There's no real narrative. Lynch muses occasionally that he's making up INLAND EMPIRE as he goes along, which is apparently a first for him - shooting on digital video makes it possible to pursue his stream of subconsciousness to the last moment, whereas in the past he's always had a firm script before shooting. (The exception being Mulholland Drive, but that was an accident - a film salvaged after the fact from a failed TV pilot.) But this isn't presented as any kind of thread; it's just the way things are.

After the screening, the film's producer explained that the style was dictated, as much as anything, by the fact that Lynch was simply too damn busy to sit down and give them any formal interviews because he was spending all his time making INLAND EMPIRE. There will, apparently, be a more conventional follow-up in which Lynch will be interviewed properly, answering questions from his fans.
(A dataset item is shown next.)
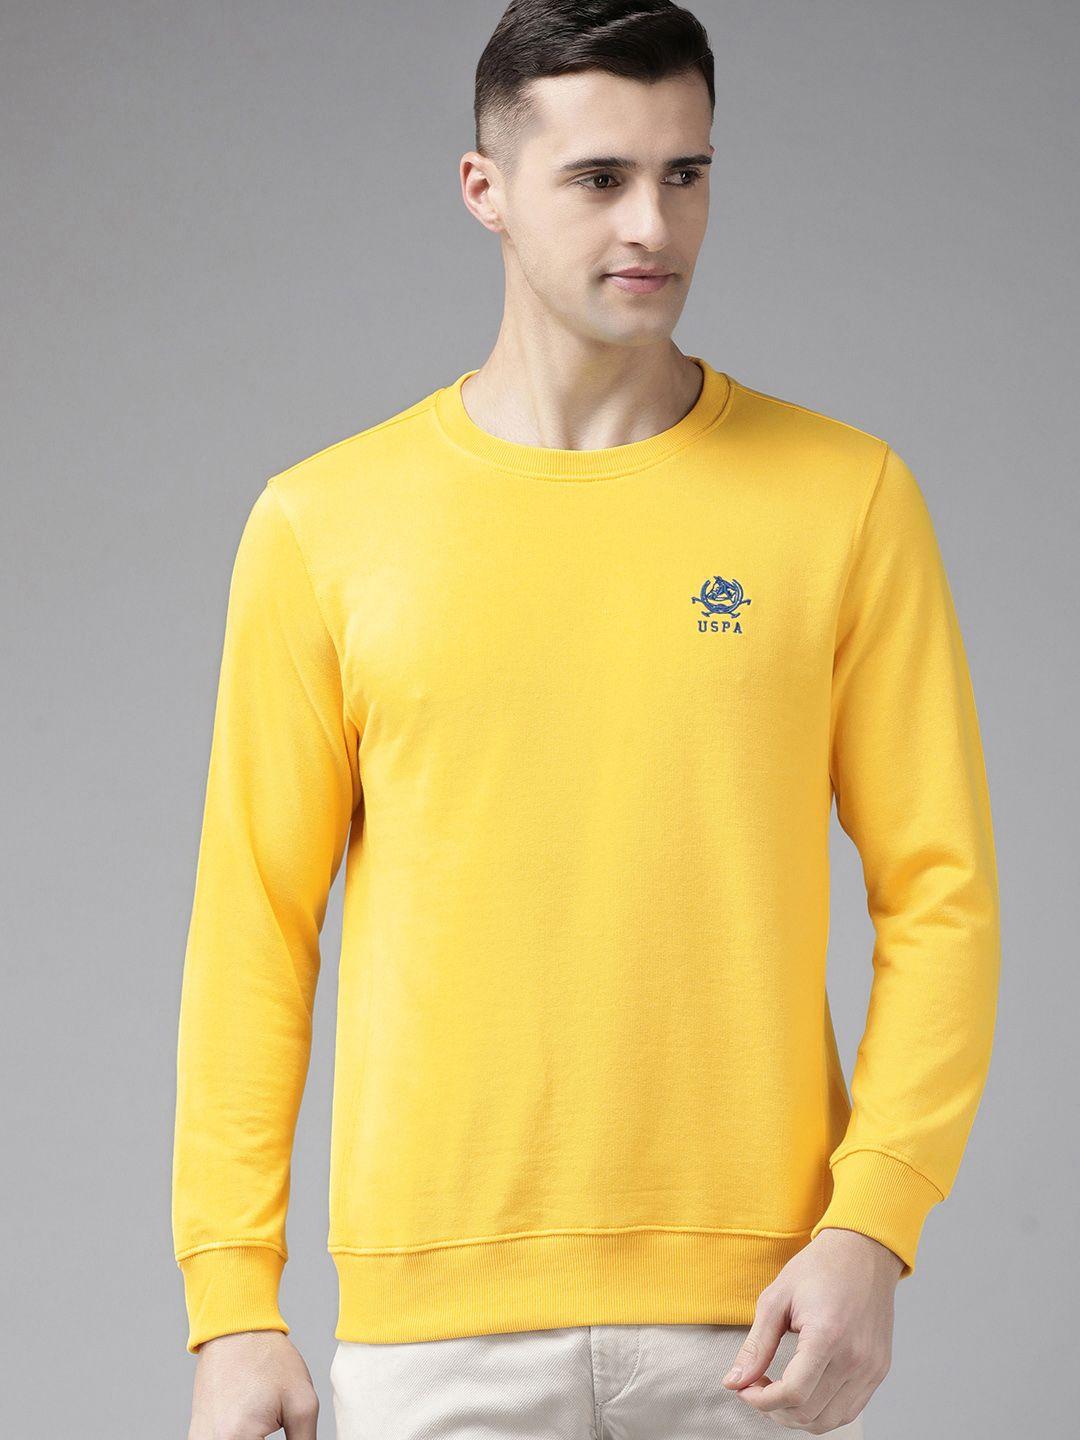 u.s. polo assn. men yellow sweatshirt

For some reason, the director's identity is being kept mysterious. He or she is credited simply as "blackANDwhite", and the official line is that it's somebody very close to Lynch. Widespread rumour has it that the director is Lynch himself, which the producers emphatically deny. (If the producers are telling the truth, the obvious choice would be Lynch's daughter Jennifer, the director of the widely-panned Boxing Helena, who is just about to return to cinema with a film called Surveillance.)

As a piece of editing, it's very impressive. It does have a certain musical rhythm and atmosphere to it. But this can't quite disguise the fact that nothing terribly interesting is happening. LYNCH is a film that will enthral hardcore David Lynch fans. Those with an active involvement in film-making will no doubt be fascinated to see the details of what he does on set.

But if you're not interested in that level of detail, the reality is that most of the film consists of Lynch doing pretty much what you'd expect - admittedly, in a very hands-on way. He helps to dress the set. He arranges furniture. He tells actors what to do. He wanders around disused factories and admires their aesthetic potential as sets. He... you know, he directs a film. If you're expecting him to come across as a crazed visionary, well, he doesn't. He comes across as perfectly normal, perhaps a little eccentric around the edges. His screenplays may be extremely weird, but he's totally practical when it comes to filming them.

All this means that unless you're a sufficiently devoted fan to find everything David Lynch does inherently fascinating, a lot of this is, quite honestly, a bit dull. It doesn't spoil the mystery of Lynch's films, because there's no real attempt to explain them. But ultimately, it doesn't reveal a great deal about Lynch, except perhaps that he's more mundane than you might have thought.